__Given data__
────────────────────

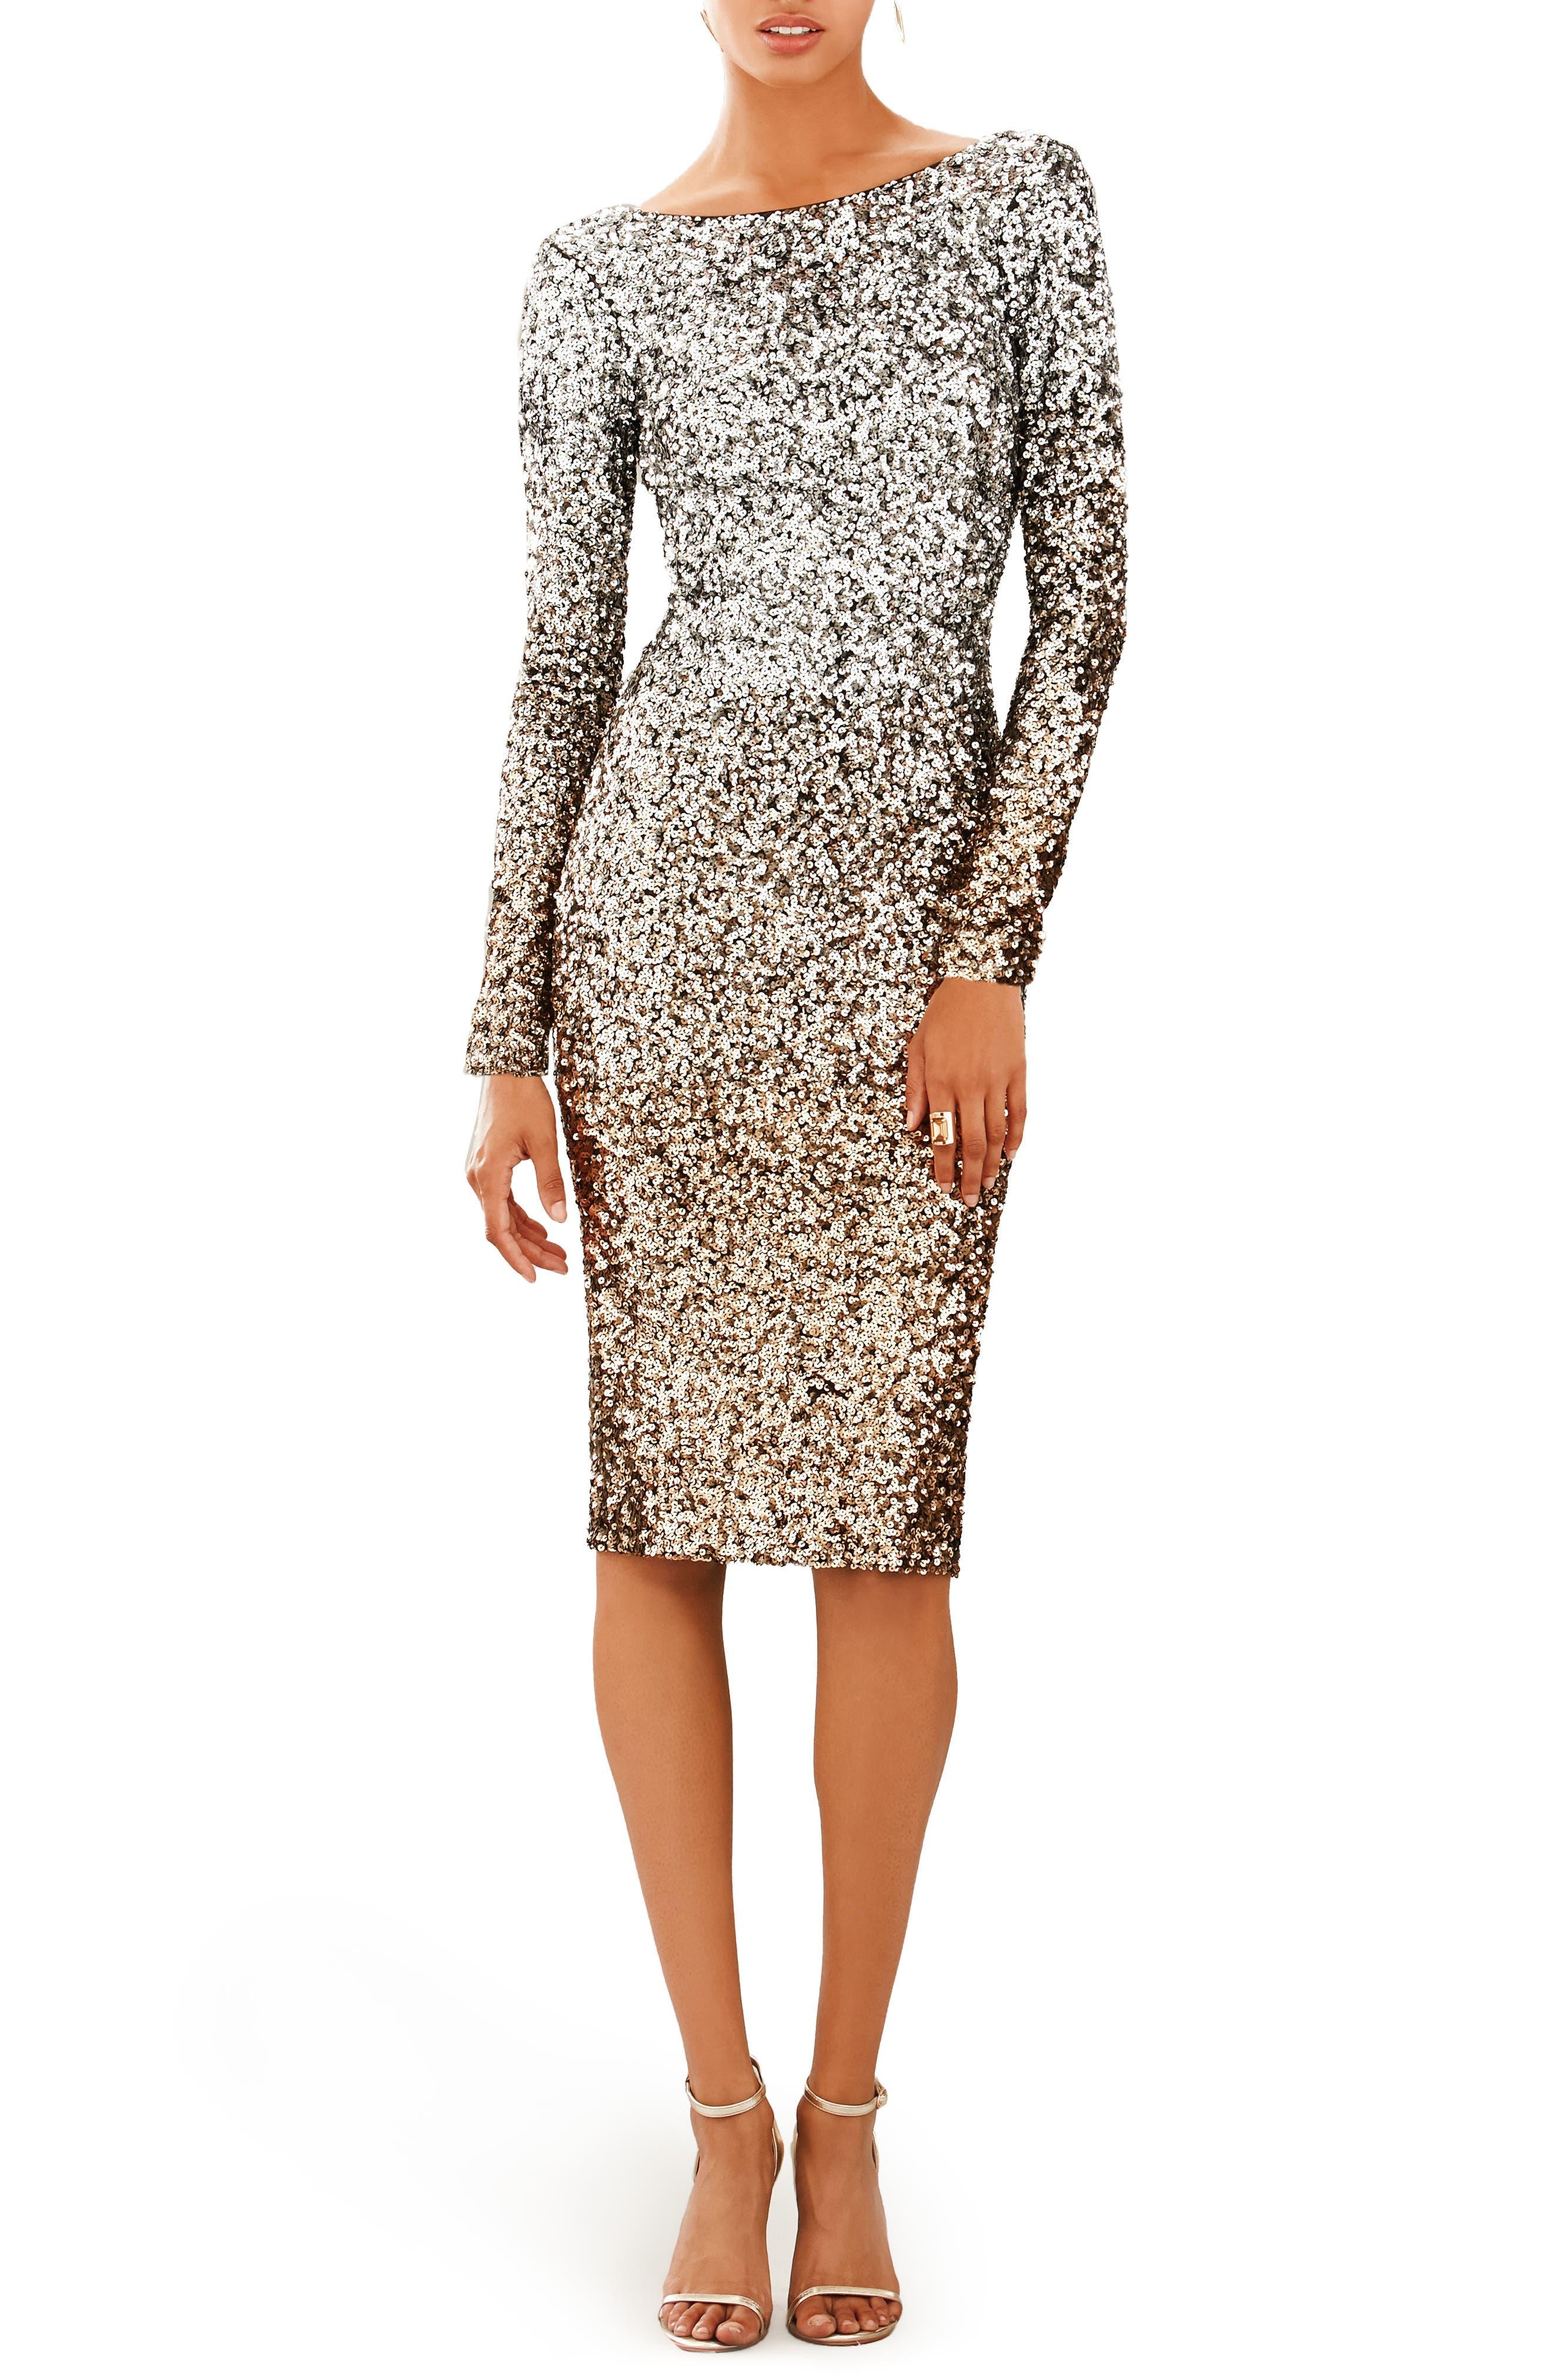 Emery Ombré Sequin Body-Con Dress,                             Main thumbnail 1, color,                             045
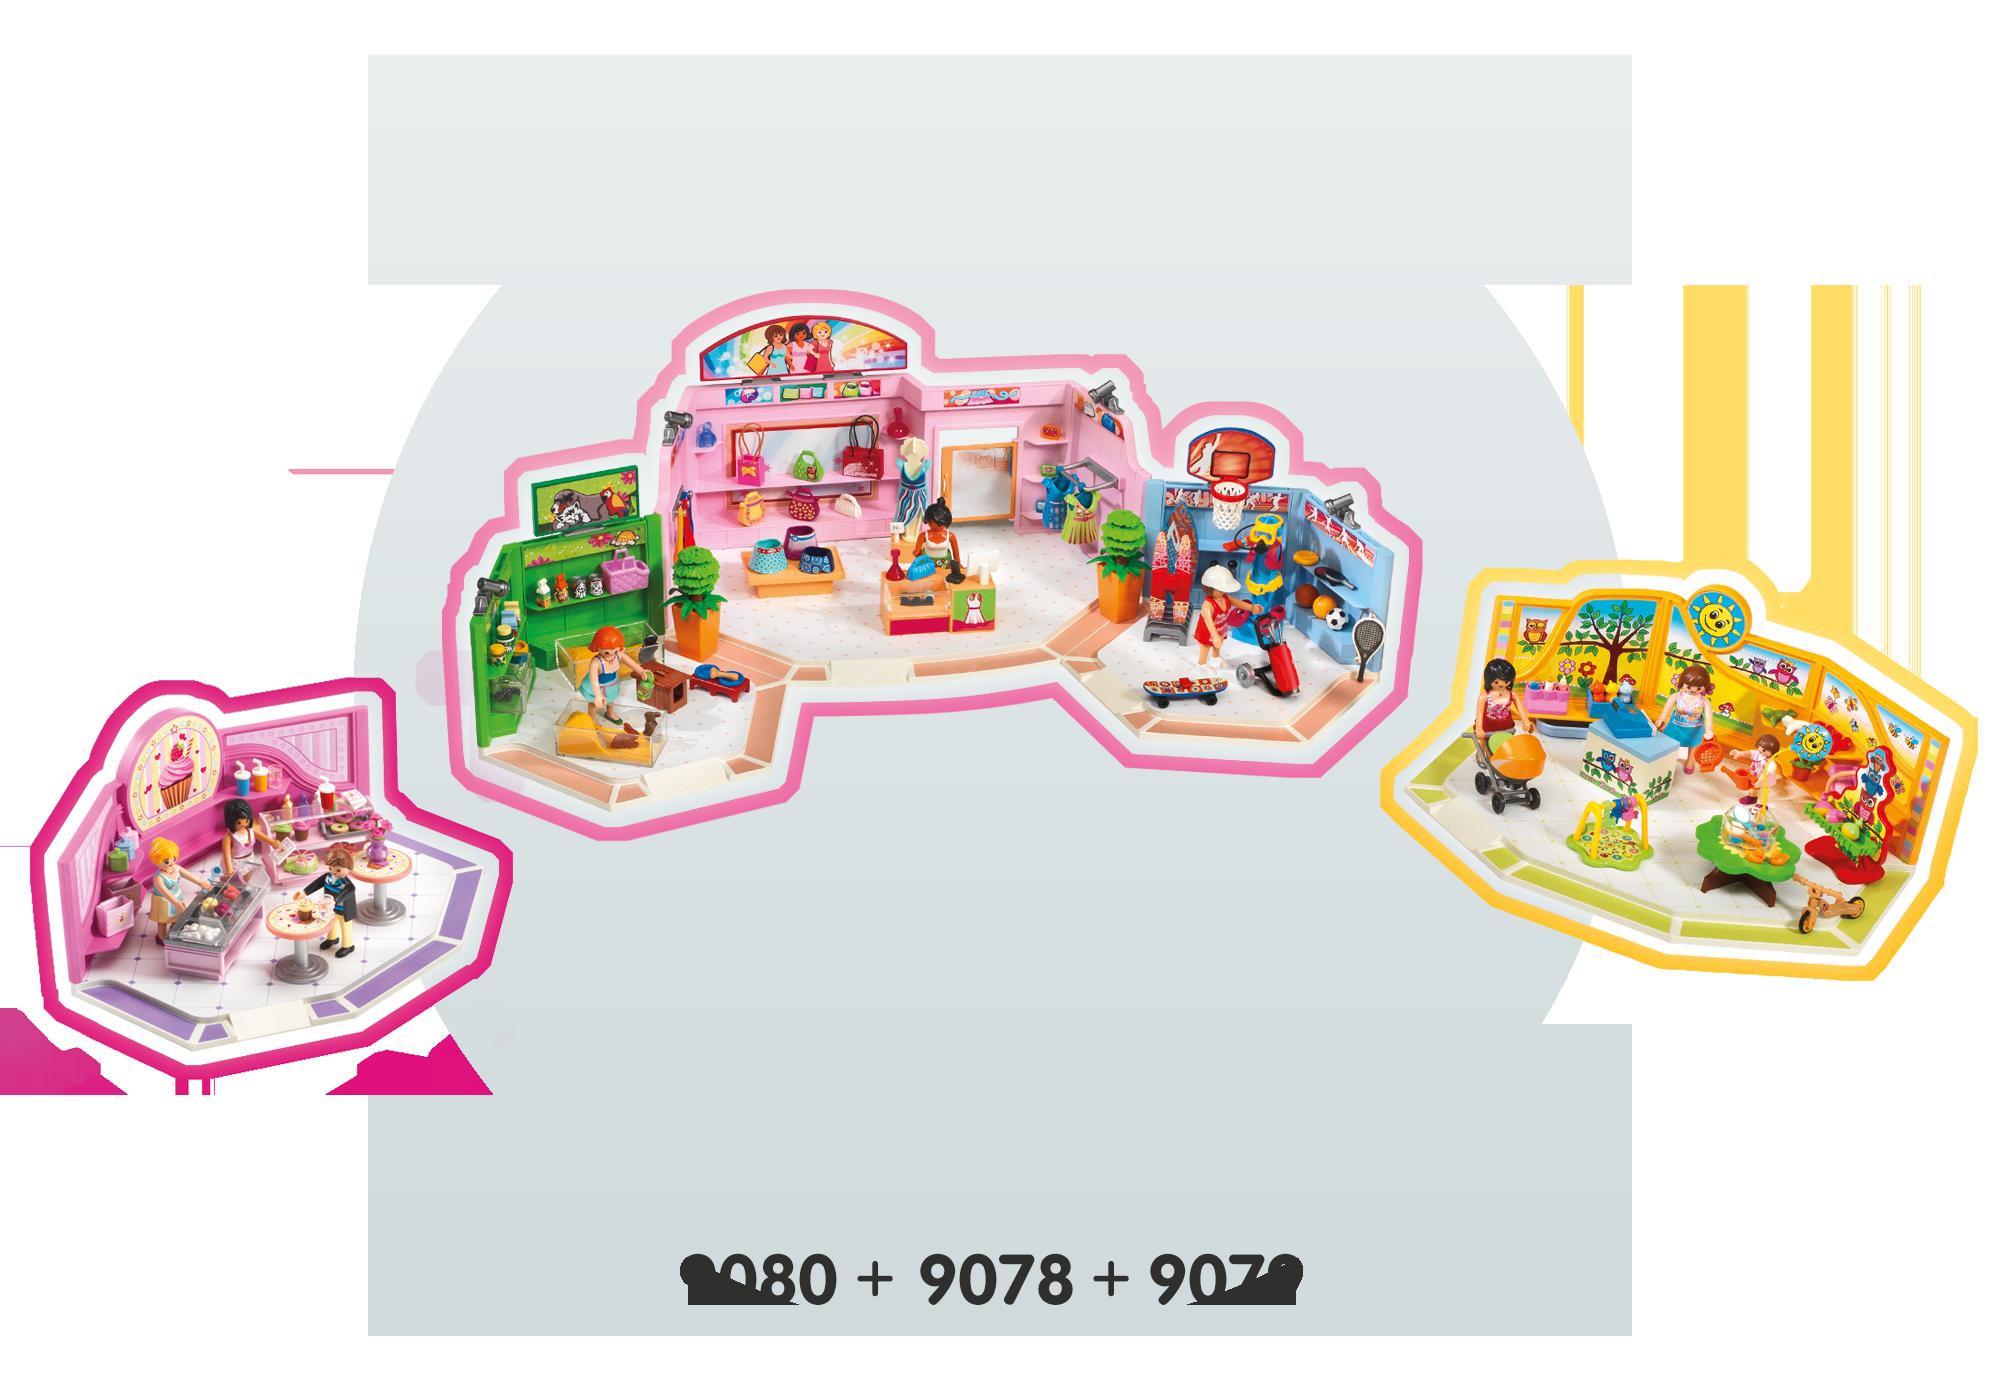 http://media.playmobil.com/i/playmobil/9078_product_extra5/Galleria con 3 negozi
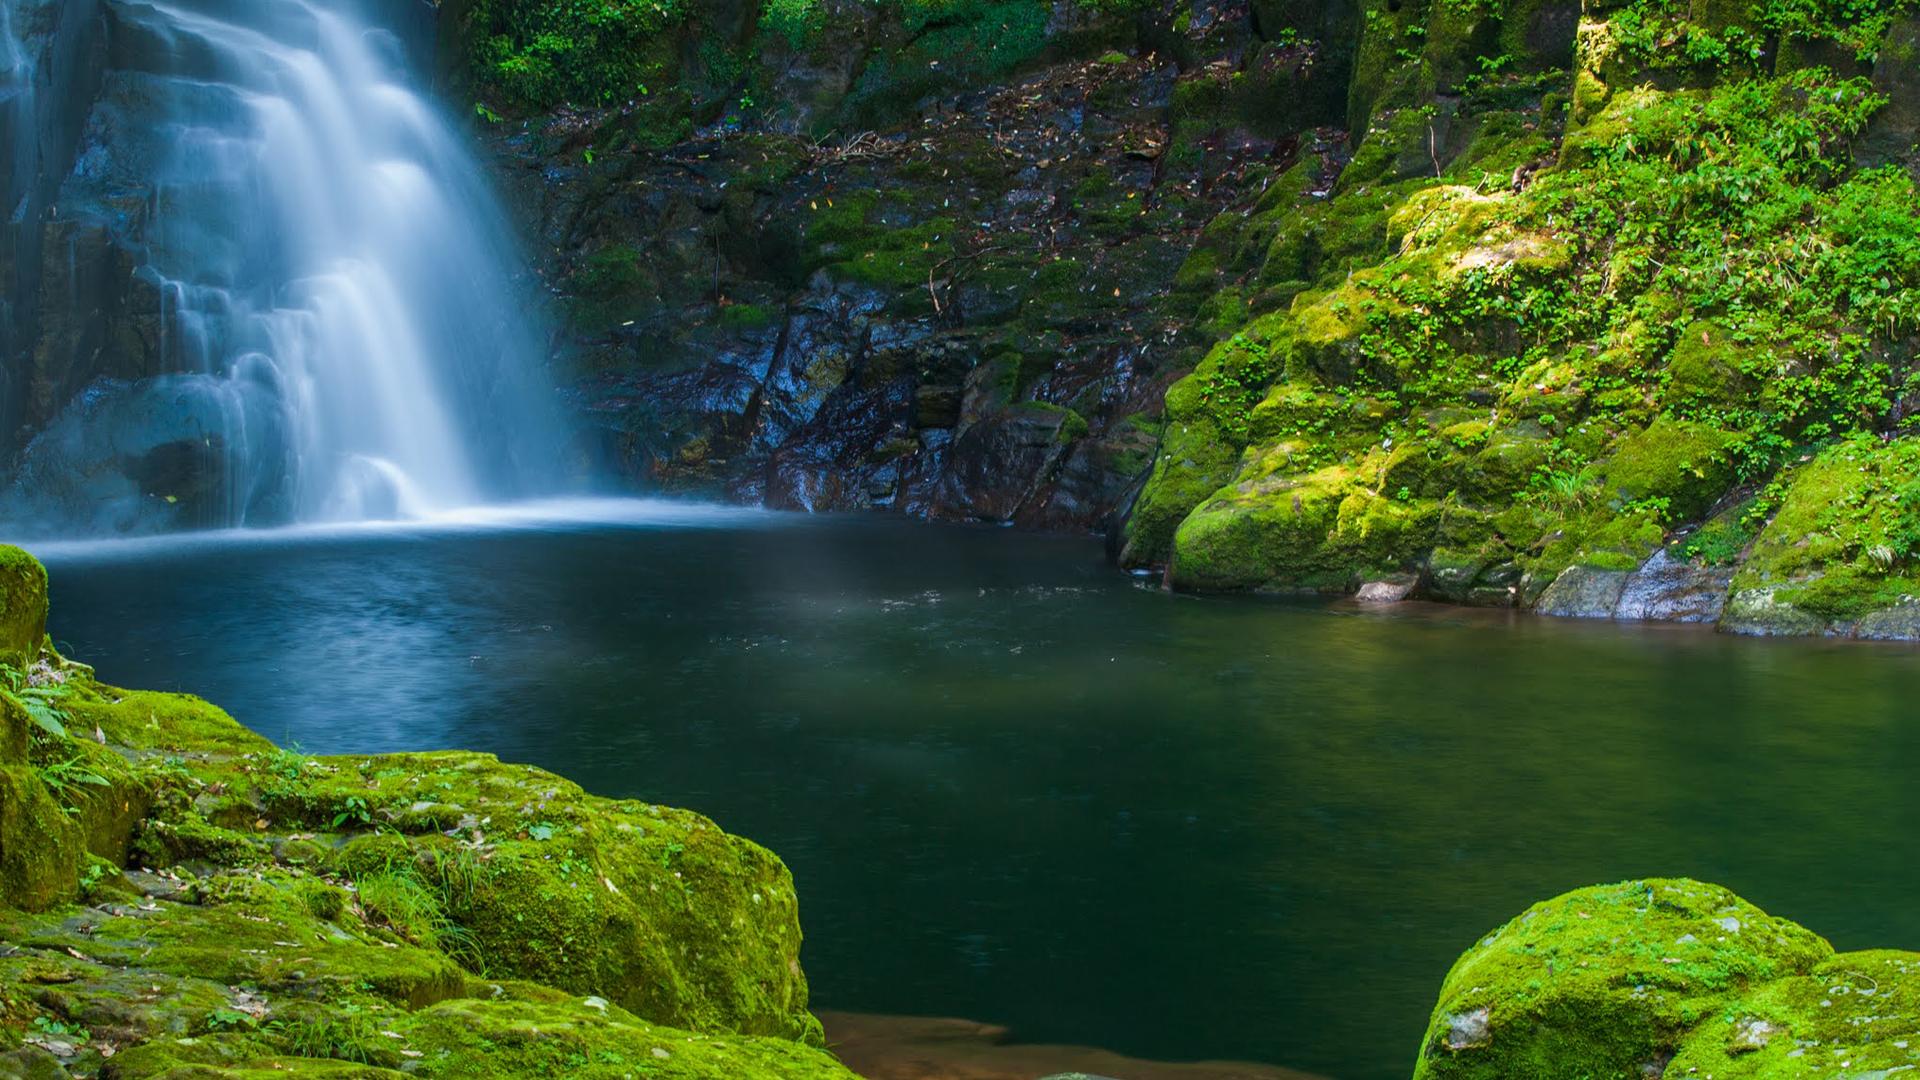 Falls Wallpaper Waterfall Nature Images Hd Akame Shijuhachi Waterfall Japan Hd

────────────────────

__Directions__
Without changing a single word, set down all of the material again and leave out its pictures.

__Your response__
 Emery Ombré Sequin Body-Con Dress,                             Main thumbnail 1, color,                             045
 http://media.playmobil.com/i/playmobil/9078_product_extra5/Galleria con 3 negozi
 Falls Wallpaper Waterfall Nature Images Hd Akame Shijuhachi Waterfall Japan Hd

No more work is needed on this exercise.